The first point matters more than it looks. Blocked workers can appear healthy while making no progress. Contention becomes a silent outage instead of a visible failure.

The dedicated-connection rule matters because conventions decay. The next person to refactor your database access will read the types, not the comments.

The startup checks matter because if a pooler silently moved you to another backend, you want to crash, not continue under invalid assumptions.

The Spectrum

Coordination systems are a spectrum.

Advisory locks sit on the cheap end:

low operational overhead
transactional integration with the data they coordinate
automatic cleanup on disconnect

The next rung up is epoch-plus-fencing leadership: a small table, some discipline, no new infrastructure. You buy correctness across failover at the price of slightly more code.
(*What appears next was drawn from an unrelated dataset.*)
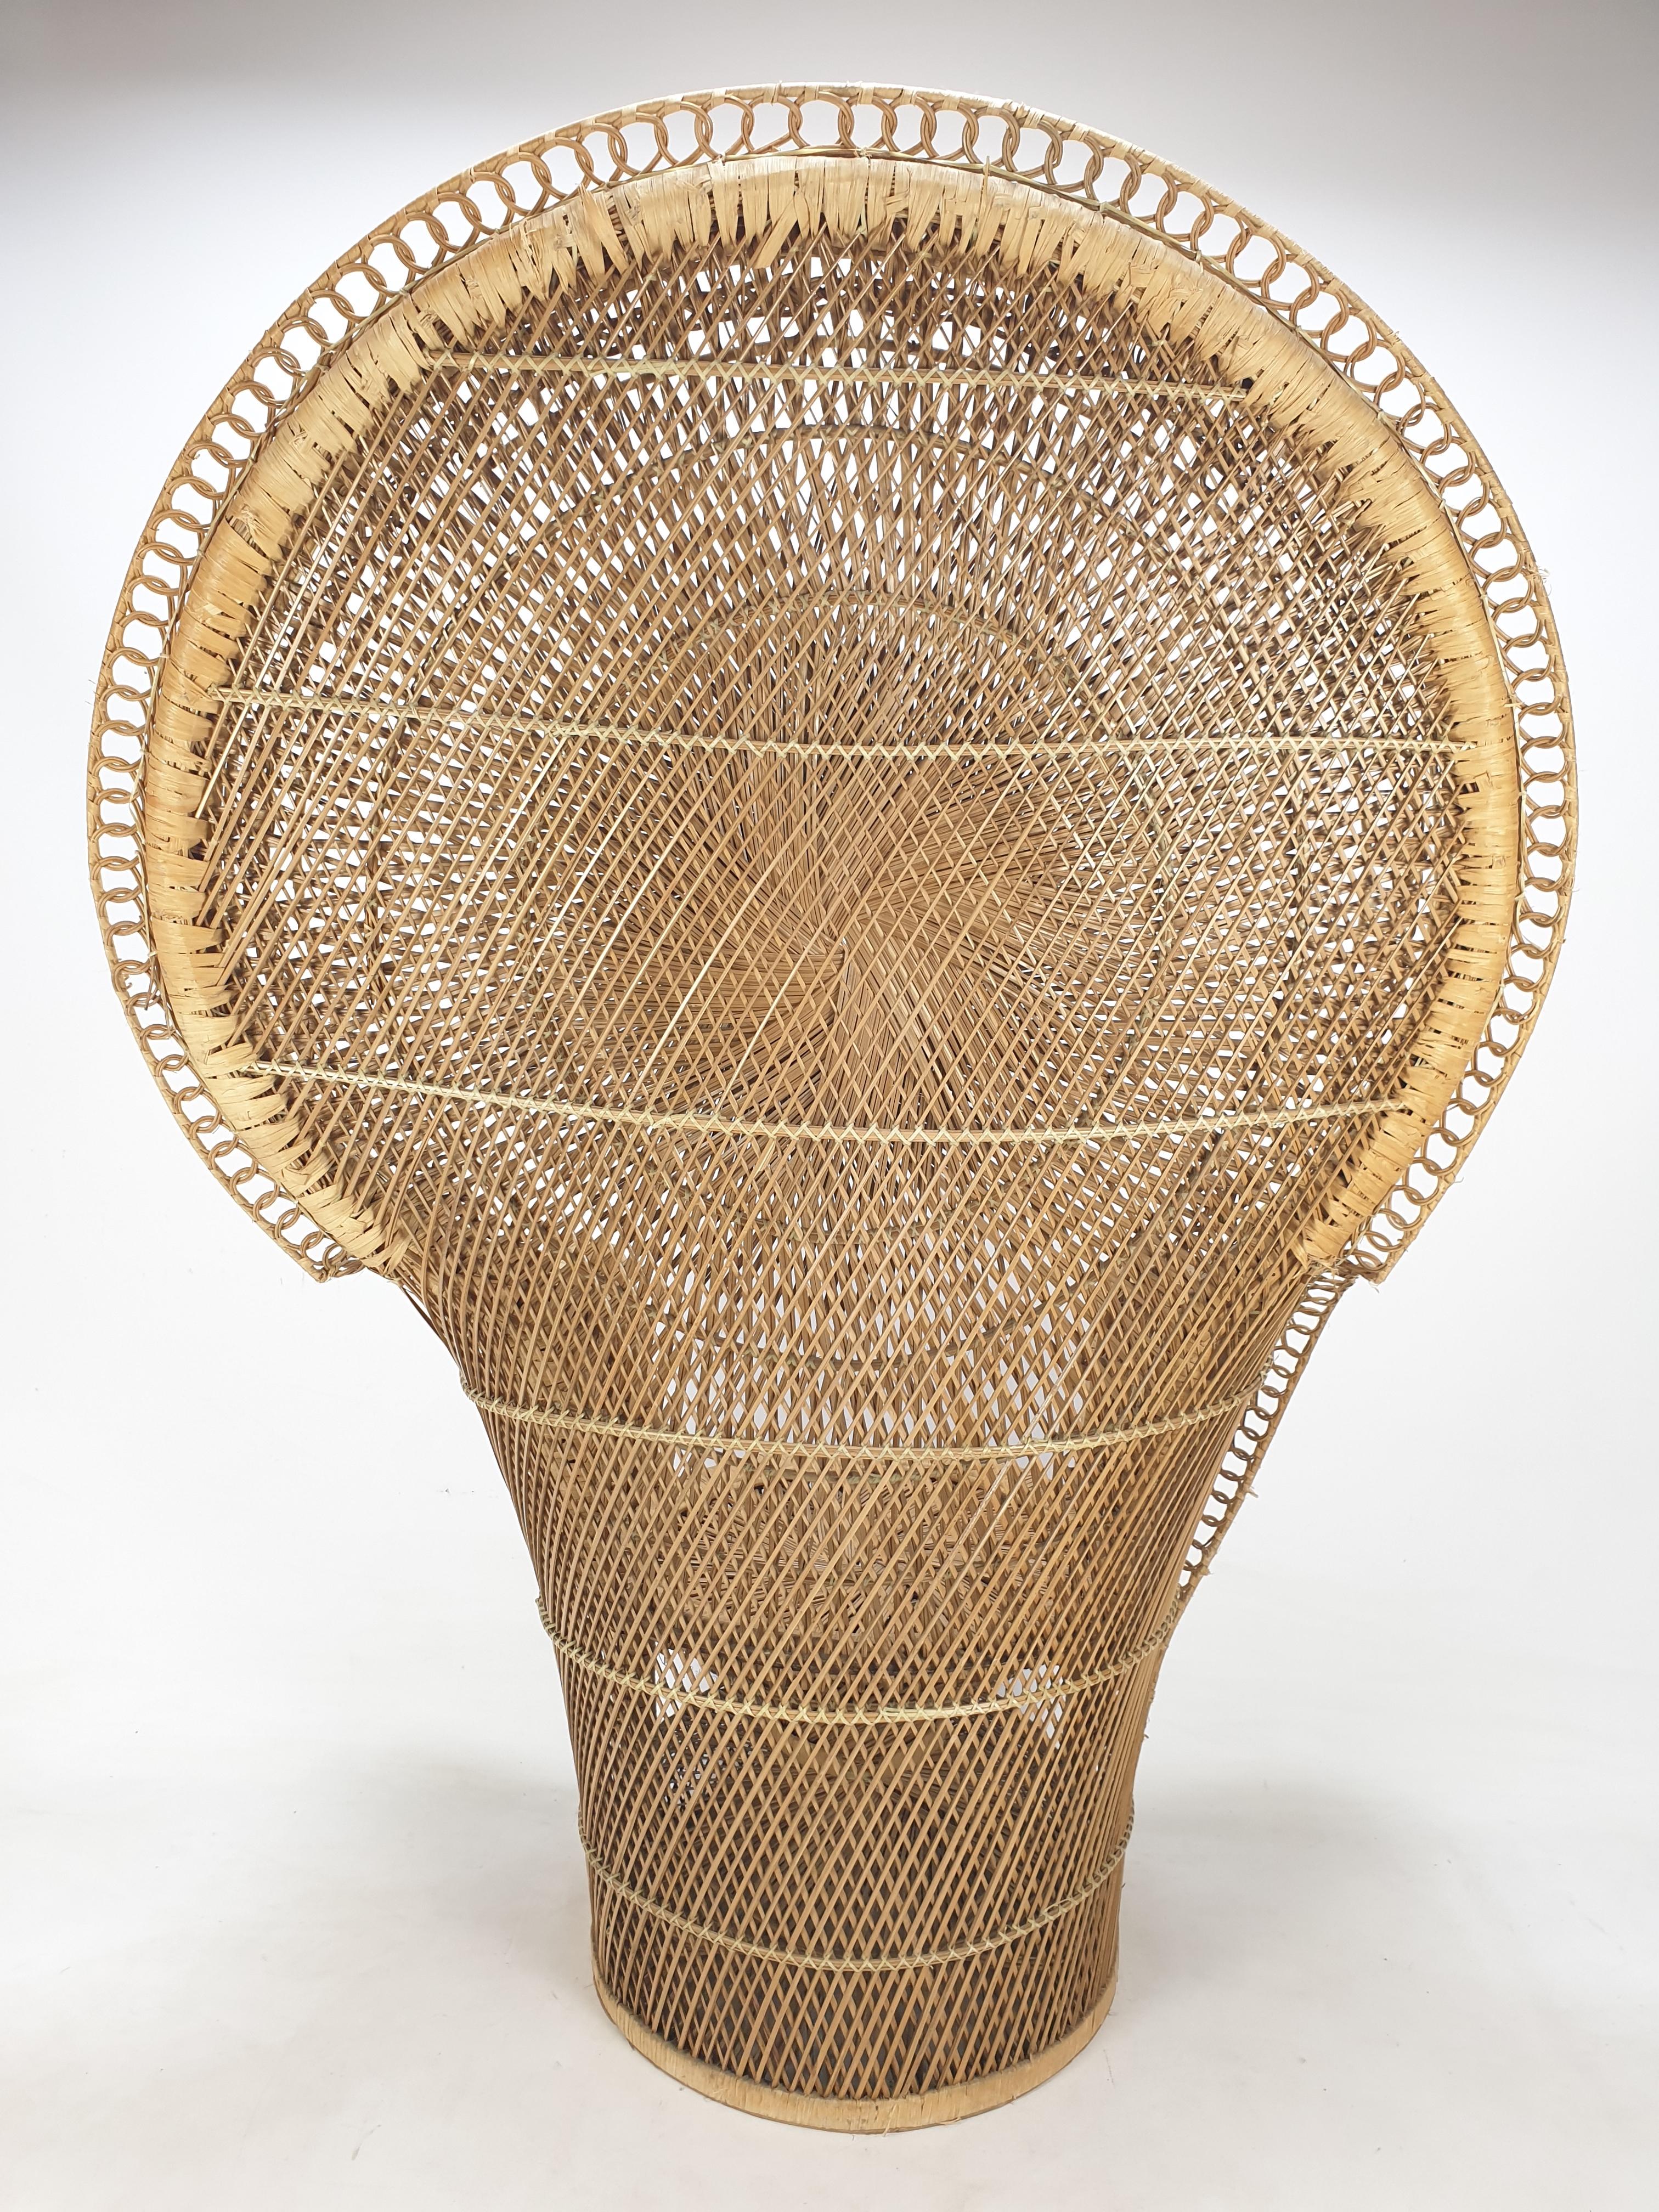 Midcentury Emmanuelle or Peacock Rattan and Wicker Chair, Italy 1960s For Sale 2

Above that is a real consensus system: Raft, Paxos, etcd, ZooKeeper. You operate a separate cluster, tune it for partition tolerance, and monitor it on its own terms. You buy durable leadership across primary failure at the price of a second on-call surface.

Each rung costs more operationally. Each rung buys stronger guarantees.

Advisory locks are often the right answer.

But only if you understand exactly what guarantee you are actually buying.